**Required action:** Without its pictures, the listing below is to be transcribed exactly.

**Given data:**
--- START ---
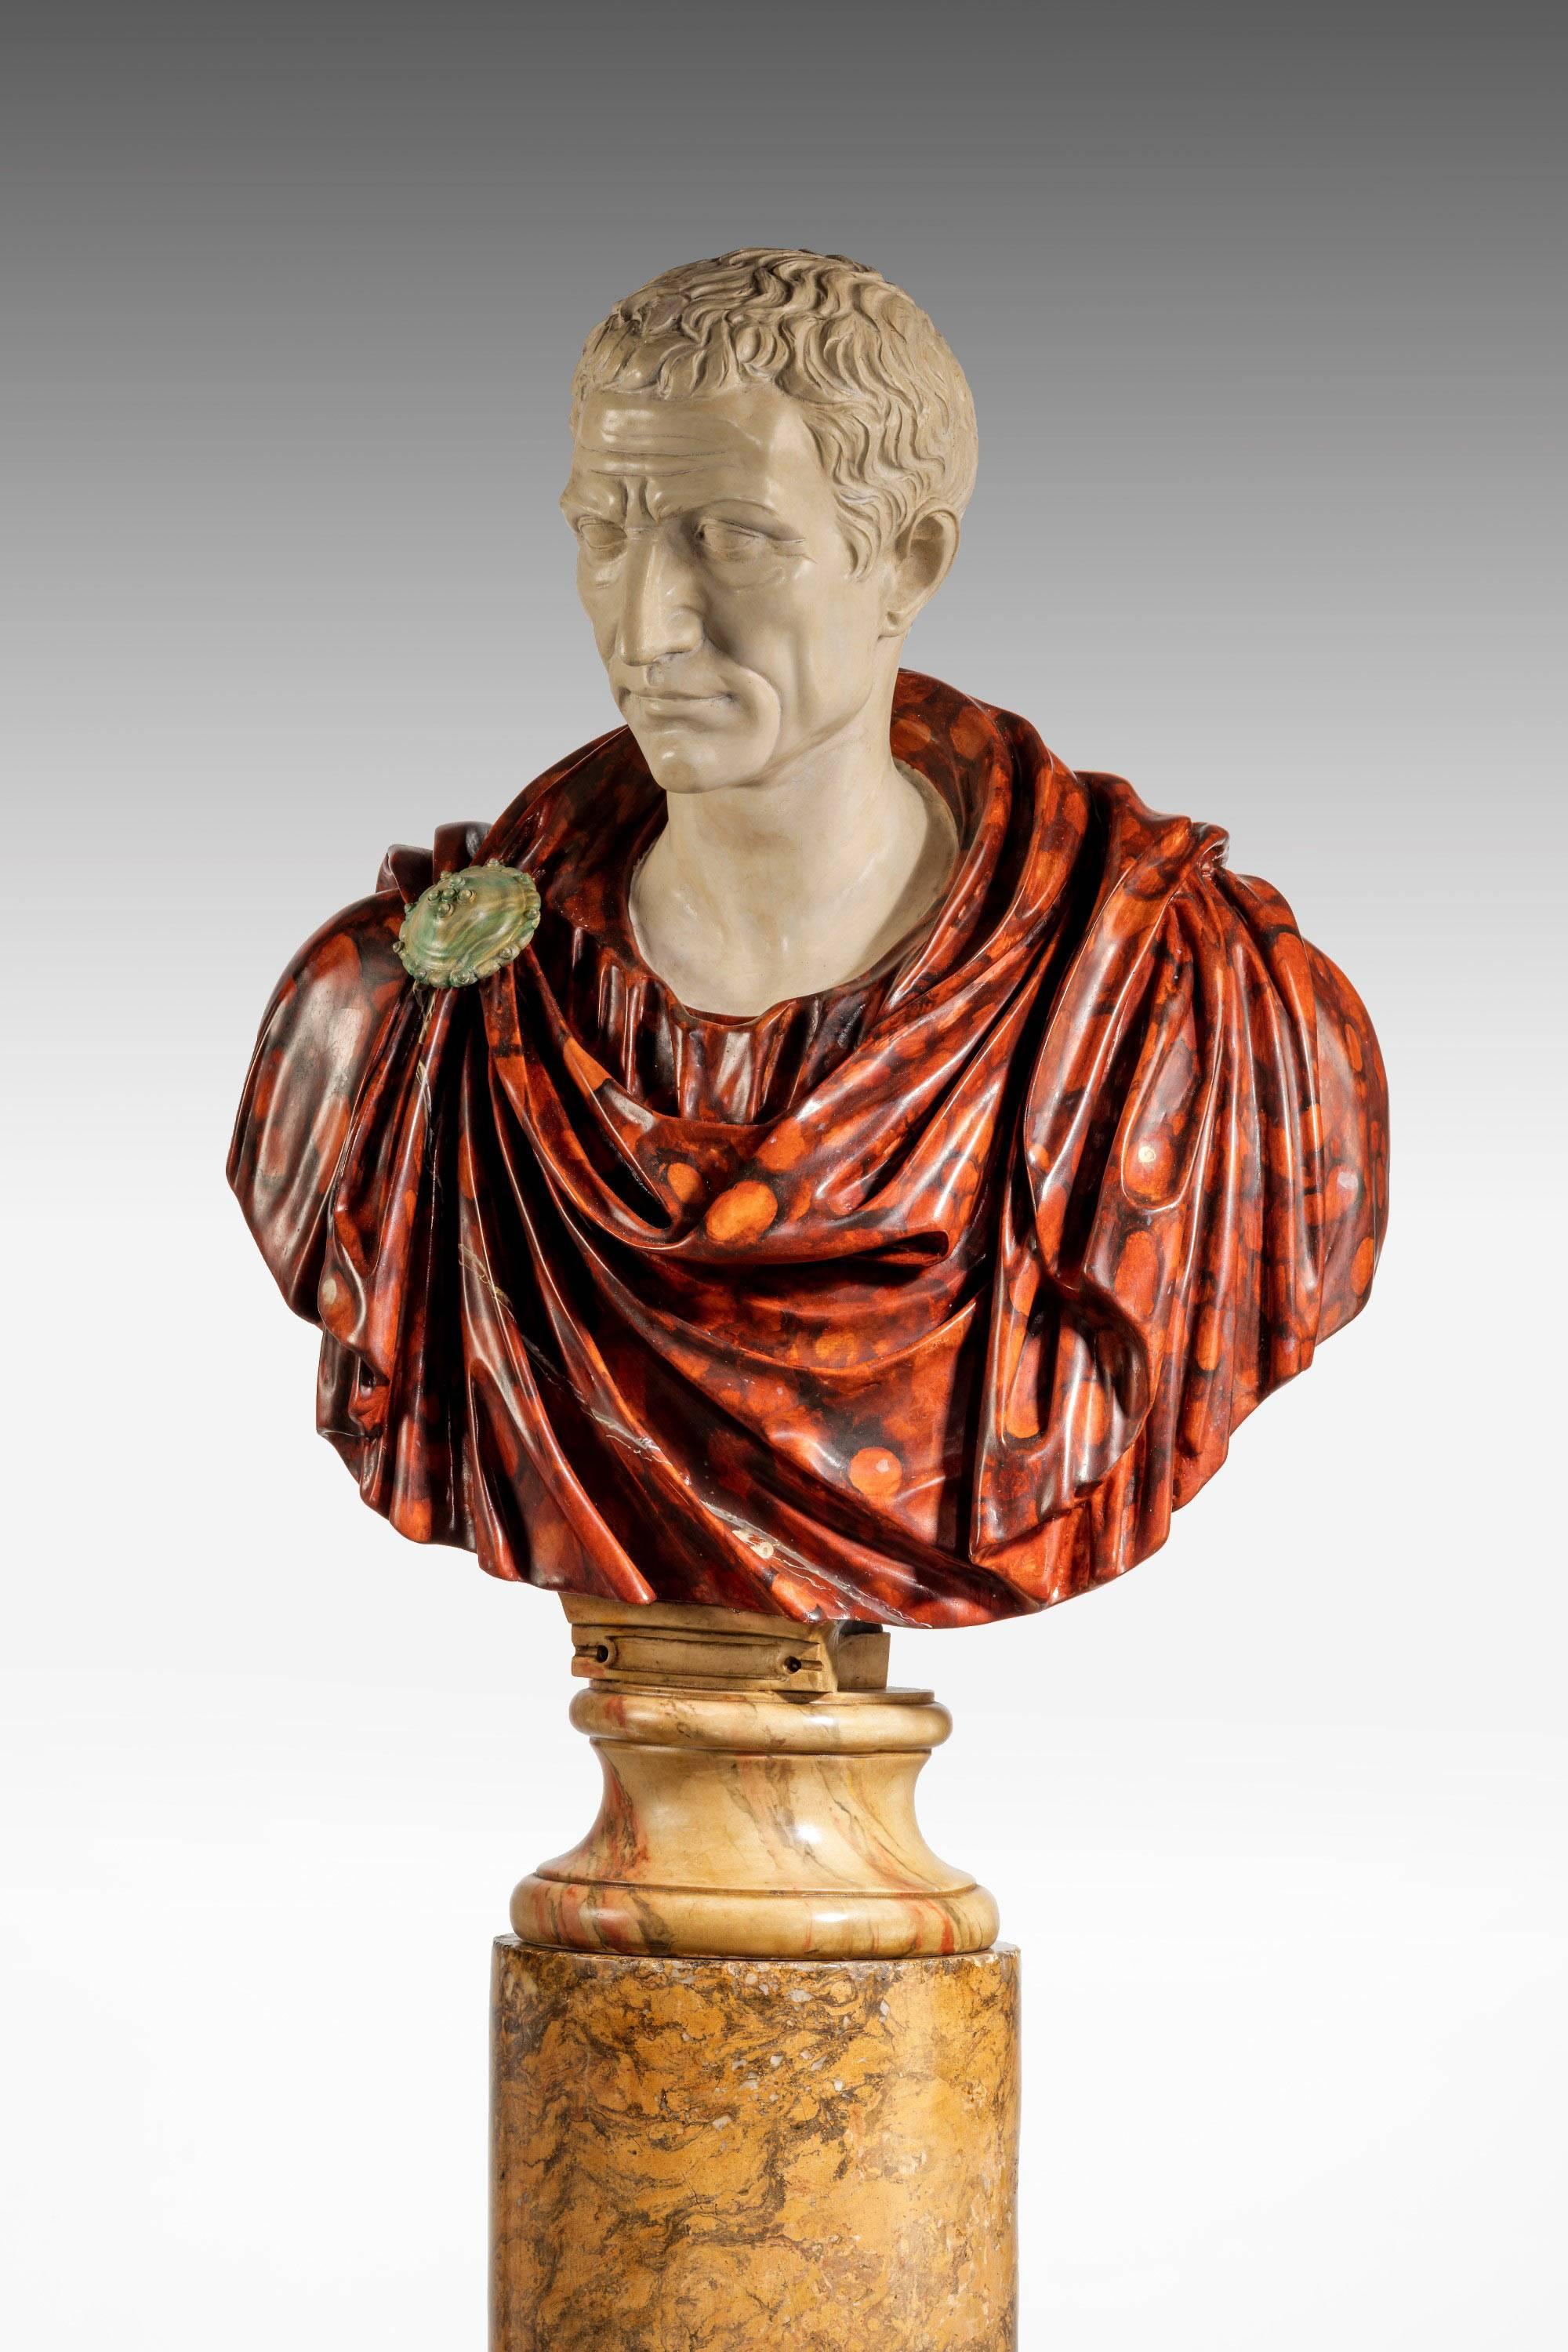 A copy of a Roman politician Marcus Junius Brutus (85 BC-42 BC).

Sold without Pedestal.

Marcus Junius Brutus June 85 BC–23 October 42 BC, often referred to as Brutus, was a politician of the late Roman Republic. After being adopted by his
--- END ---
**Problem solution:**
 A copy of a Roman politician Marcus Junius Brutus (85 BC-42 BC).

Sold without Pedestal.

Marcus Junius Brutus June 85 BC–23 October 42 BC, often referred to as Brutus, was a politician of the late Roman Republic. After being adopted by his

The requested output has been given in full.